2017 HSR&D/QUERI National Conference
4074 — A Simulation Study of the Long-Run Implications for Veterans' Cardiovascular Outcomes and Costs after Wide-Spread Implementation of the VA Patient-Centered Medical Home Model
Lead/Presenter: Paul Hebert, COIN - Seattle/Denver
All Authors: Hebert PL (Center for Veteran-Centered and Value-Driven Care, VA Puget Sound Health Care System, Seattle, WA)
Simonetti J (VA Denver Medical Center)
Coxson P (Center for Vulnerable Populations, University of California, San Francisco)
Batten A (Center for Veteran-Centered and Value-Driven Care, VA Puget Sound Health Care System, Seattle, WA)
Liu CF (Center for Veteran-Centered and Value-Driven Care, VA Puget Sound Health Care System, Seattle, WA)
In 2010, the VHA launched the PACT initiative to implement a patient-centered medical home model at all primary care clinics. Recently, the PACT Implementation Progress Index (PI2), a clinic-level measure of the extent to which a clinic meets eight core domains of patient-centered care, showed that clinics in the highest decile of PI2 had significantly better management of systolic blood pressure (SBP), low-density lipoprotein (LDL) cholesterol, and HbA1c levels compared to clinics in the lowest decile. This study addressed the long-run implication for mortality, morbidity and healthcare use and costs for Veterans if all VHA clinics performed as well as Veterans in clinics with the highest PI2 scores.
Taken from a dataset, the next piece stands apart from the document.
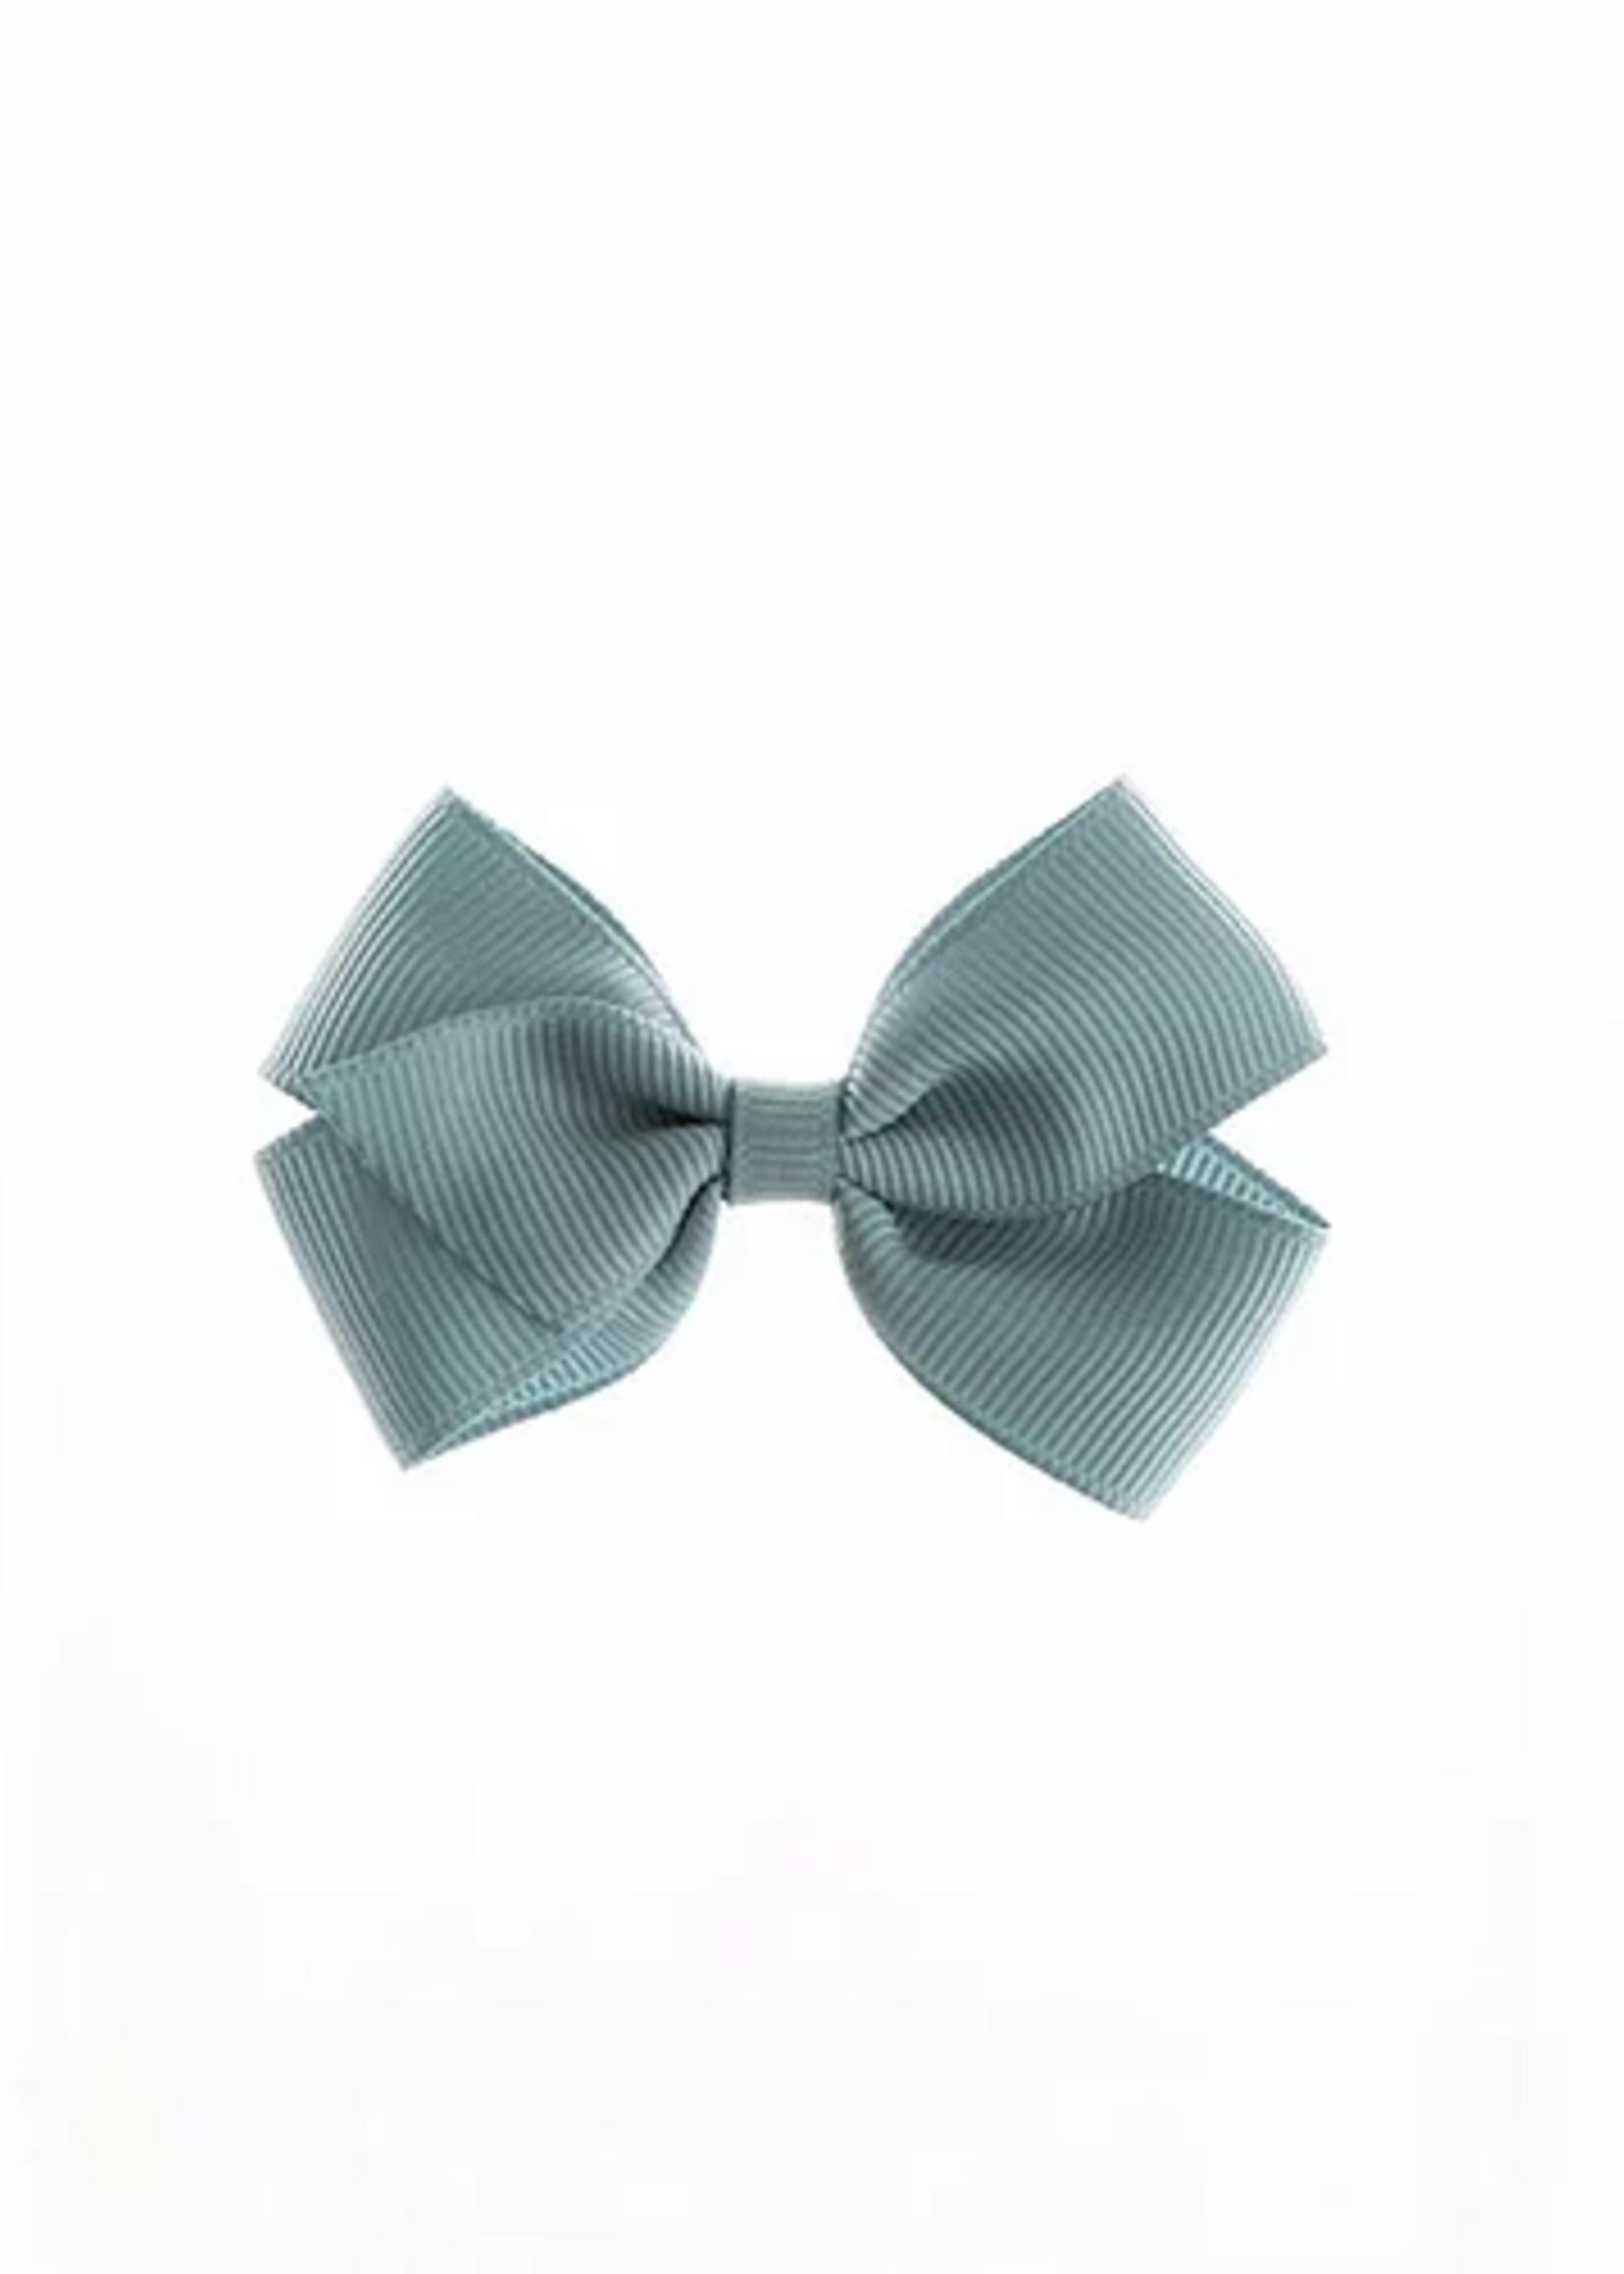 olilia Olilia Small London Bow (Nile Blue)

We conducted a simulation study using a customized version of the Coronary Heart Disease Policy Model (CHDPM) and a simulated population of Veterans age 35+ from 2016-2034. We customized the CHDPM to the current cardiovascular-risk profiles and event rates of VHA patients, and incorporated expected growth in the population of VHA patients by age and gender. We developed CHDPM inputs by estimating how SBP, LDL, and HbA1c levels would change if Veterans at every VHA facility performed as well on these measures as did Veterans at facilities in the top PI2 decile. We then simulated the effects of these changes on health outcomes and costs.
If all VHA facilities performed as did those among the highest PI2 decile, we would see reductions in Veterans' SBP by 2.0 mm Hg; LDL cholesterol by 3.6 mg/dL; and, for diabetic Veterans, HbA1c by 0.01 percentage points. If sustained from 2016-2034, these changes would result in 21,000 fewer cases of incident heart disease, 10,500 fewer new and recurrent myocardial infarctions, 7,300 fewer strokes, 5,700 fewer deaths from any cause, and $2.1 billion lower CHD- and stroke-related costs.
Greater clinic-level PACT implementation is associated with higher quality care. If this level of clinical quality could be achieved by all VHA clinics and sustained from 2016-34, modest yet meaningful reductions in cardiovascular events and associated costs could be expected.
The VHA should consider the potential long-run implications of the improved clinical quality of care associated with better PACT implementation.